The princely states were the first to test the new government. The Nawab of Junagadh wanted to opt for Pakistan but Pakistan said that, as most of the population of the state was Hindu, it was only fair for the ruler to opt for India. Later, when Maharaja Hari Singh of Kashmir finally acceded to India, the Pakistani decision-makers again reiterated the same principle. They were prepared to accept a partition of Kashmir along religious lines with the Muslim-majority areas acceding to Pakistan. They even went so far as to suggest that, since the wellbeing of the people of that state came first, they would accept it as an independent state.
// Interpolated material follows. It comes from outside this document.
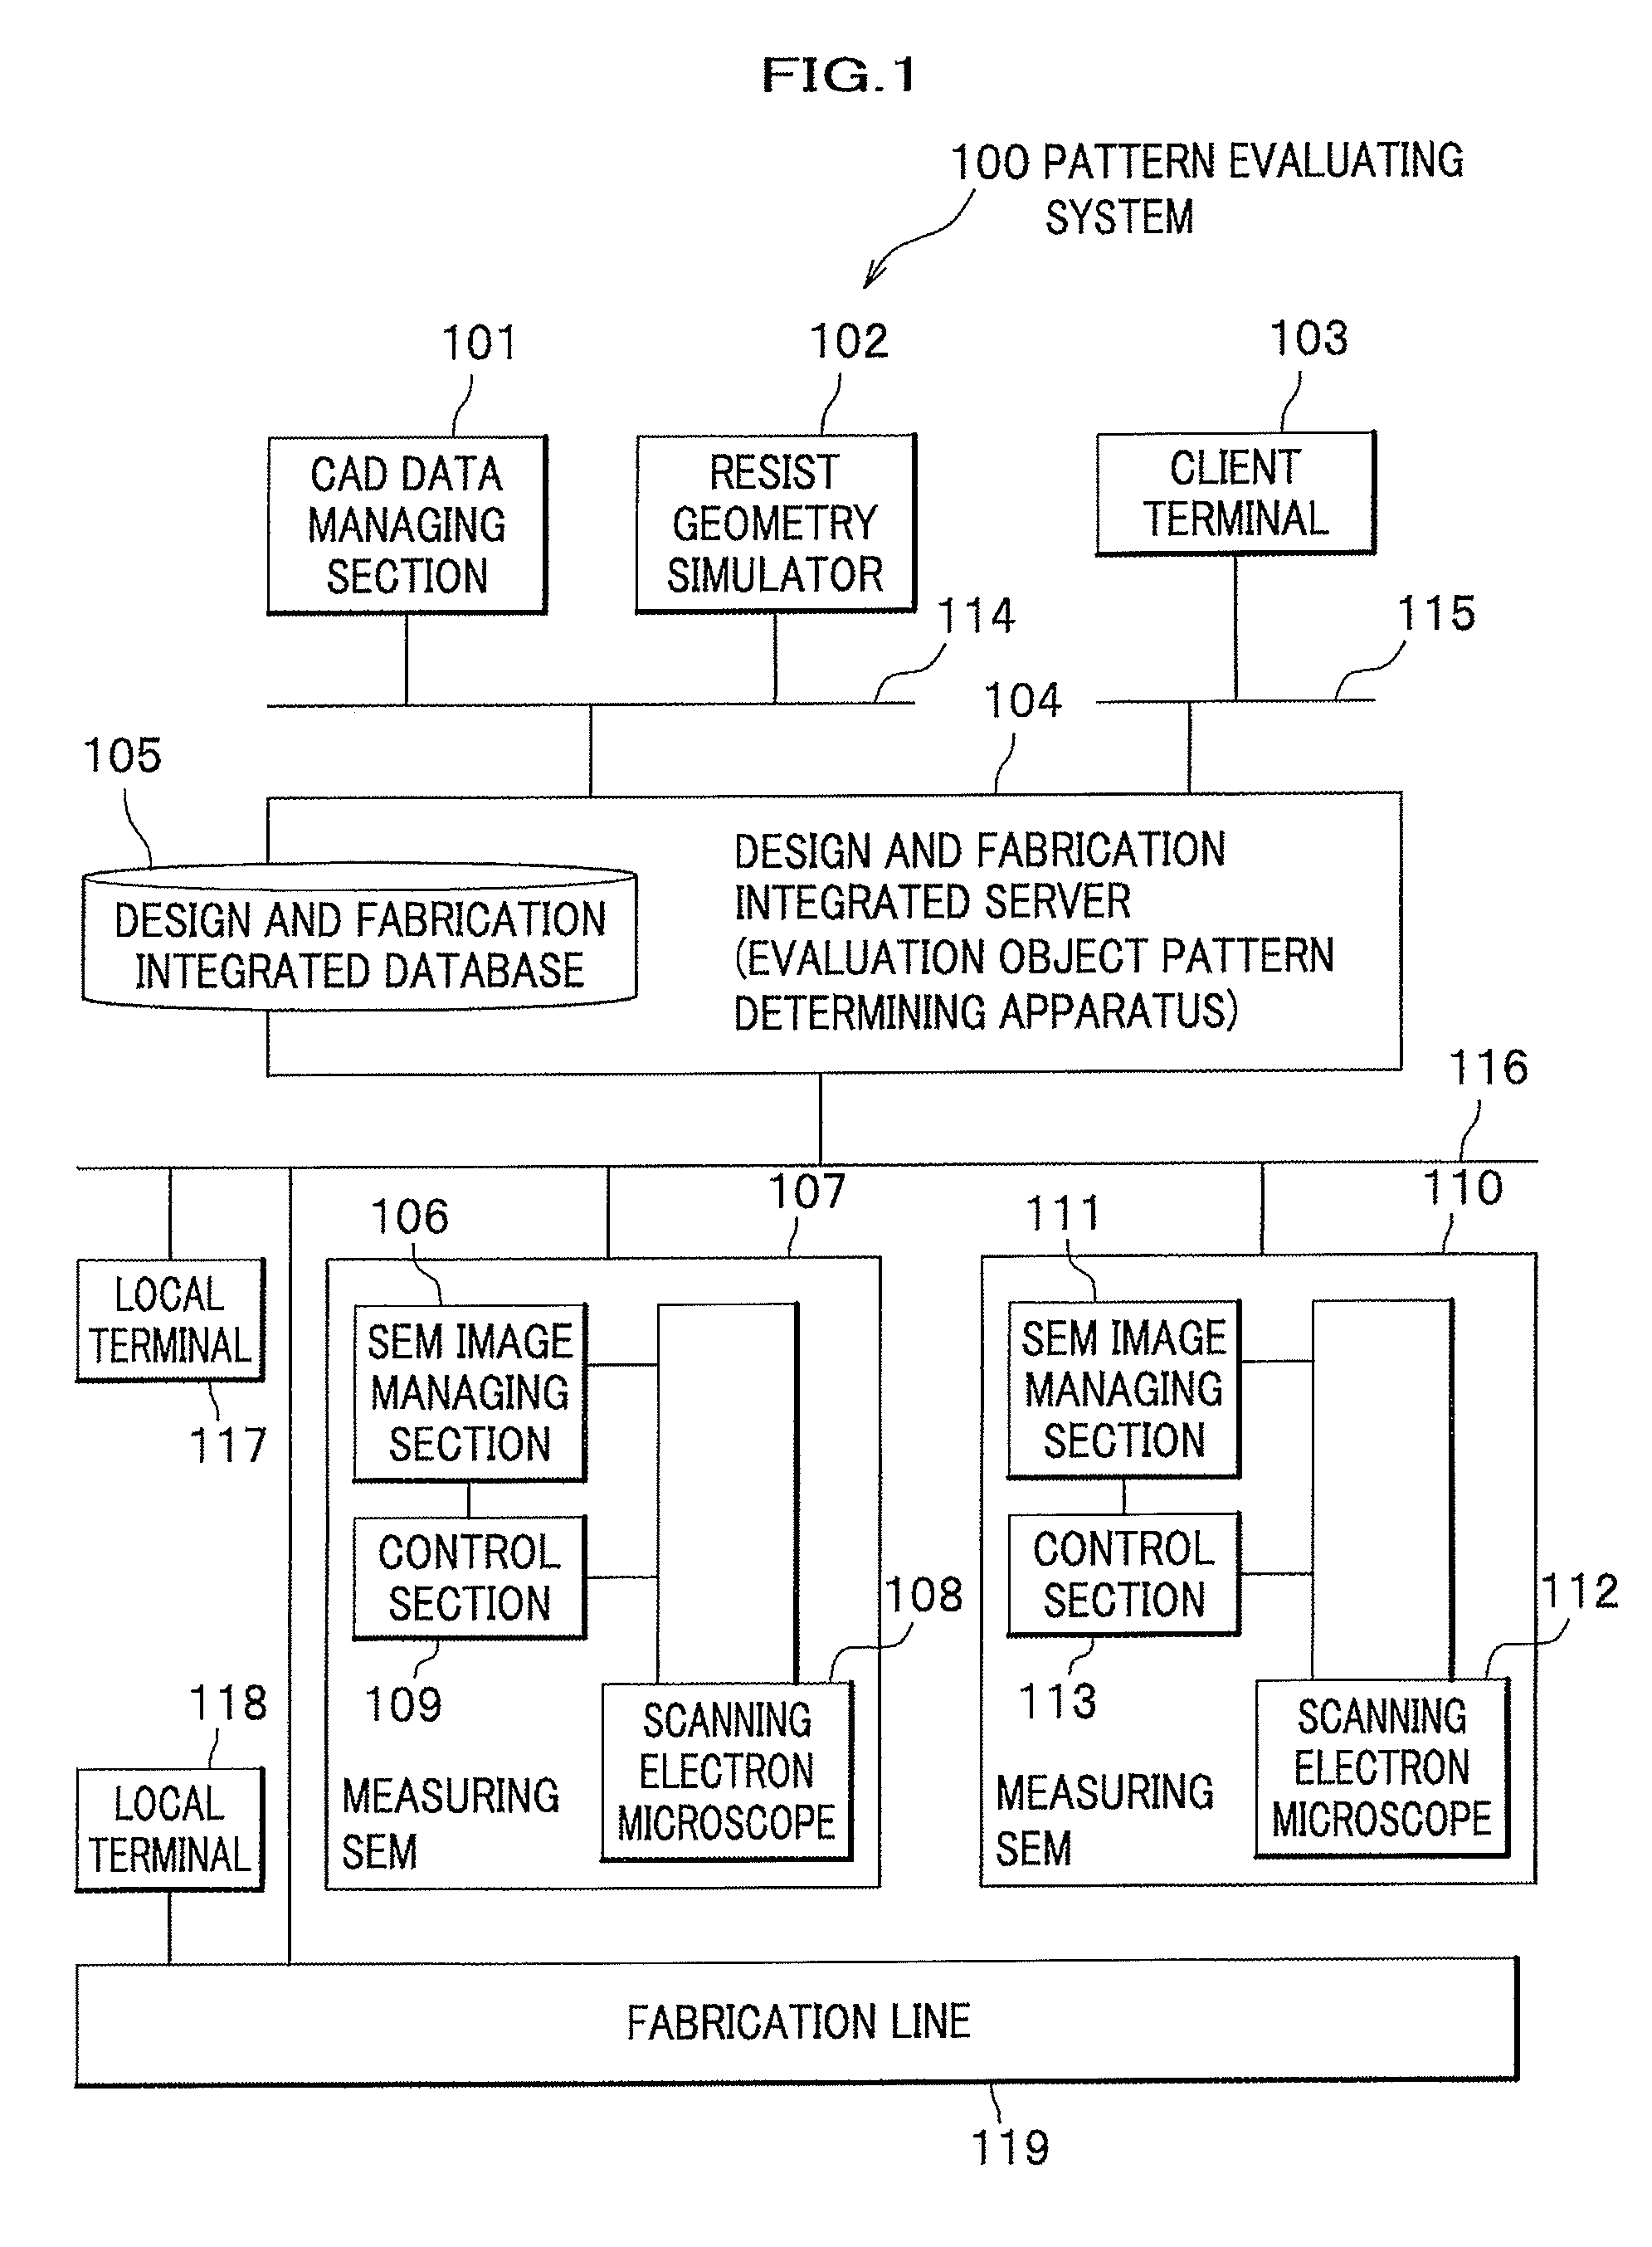 Evaluation object pattern determining apparatus, evaluation object pattern determining method, evaluation object pattern determining program and pattern evaluating system

However, they refused to allow tribesmen from Pakistan or irregulars to enter Kashmir and also condemned the Indian army for its entry into the former state. However, despite their principled stand that the will of the people be ascertained and followed in Kashmir and elsewhere, the rulers of Pakistan never followed an aggressive policy in Kashmir.

In 1965, some people thought that this was the time for wresting Kashmir away from India by sending trained fighters across the Line of Control to stir up a rebellion against Indian rule there. It seemed easy and some people still clamoured for winning Kashmir despite textbooks and media programmes promoting peace.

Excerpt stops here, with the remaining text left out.